Japan workplace bullying rules feared to spur necktied menaces

Hitting is banned -- but not if it's 'accidental'

Reports of workplace harassment in Japan attained a new record in fiscal 2018.   © Reuters

TOKYO -- Regulations to protect workers in Japan from abusive bosses and colleagues took effect Monday to criticism that the rules only provide a road map to deskbound bullies.

Large companies now must combat so-called power harassment -- which includes such acts as striking an employee with one's bare hands or an object, according to the labor ministry. But an accidental collision does not count.

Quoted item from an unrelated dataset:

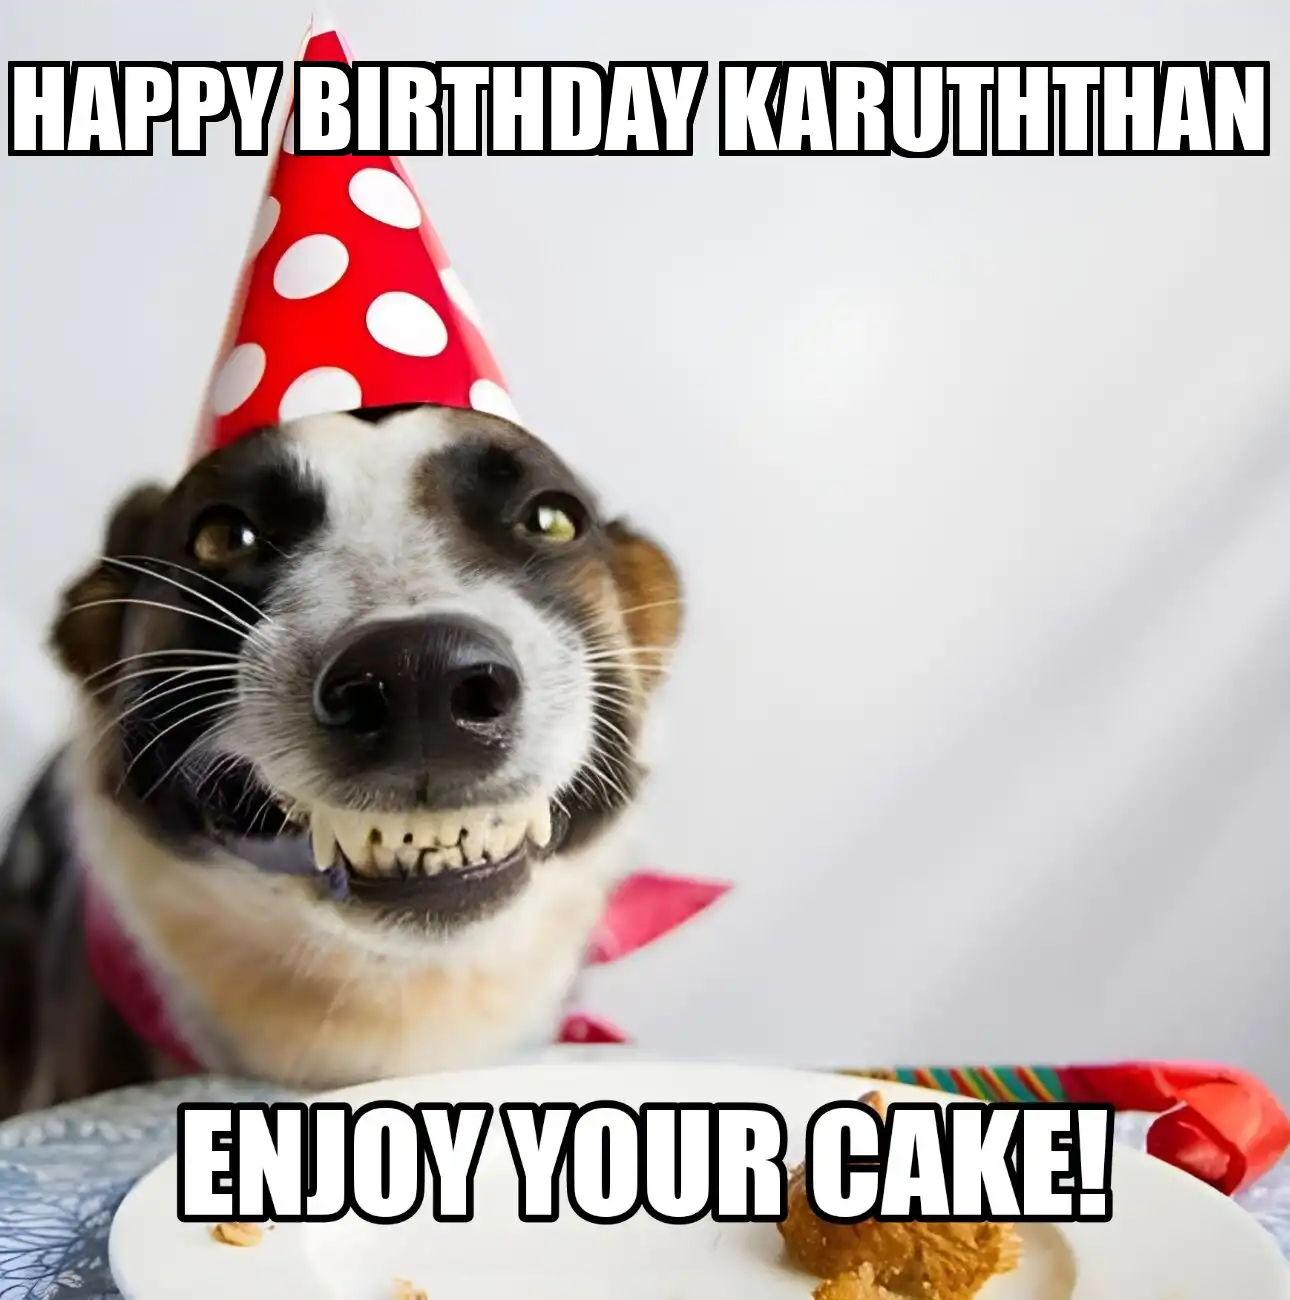 Happy Birthday Karuththan Enjoy Your Cake Dog Meme

Critics say the overprecise cases provided by the ministry will only allow abusive colleagues at the office to evade responsibility by basing their defenses on the counterexamples, eroding the effectiveness of the regulations.

"It was not appropriate to list examples that are not applicable," said Naoto Sasayama, a Tokyo-based attorney.

Large companies are now legally required to have strict policies against workplace bullying. They must train employees and have a contact point for reporting cases of abuse. Companies allowing egregious abuse to occur will have their names made public by the government.

Small and midsize businesses must make efforts toward prevention through March 2022. Afterward, the rules will fully apply to them as well.

Companies have been busy rolling out anti-harassment measures. Mitsubishi Electric drew up its own plans in January after a new employee died by suicide from overwork. The company set up a consultation center where people can talk to outside experts. Managers from section chiefs on up underwent training.

Executives at ANA Holdings unit All Nippon Airways have received online training since May. This month, Japan Post Holdings unit Japan Post will encourage reporting by displaying contact information at the nation's 24,000 or so post offices.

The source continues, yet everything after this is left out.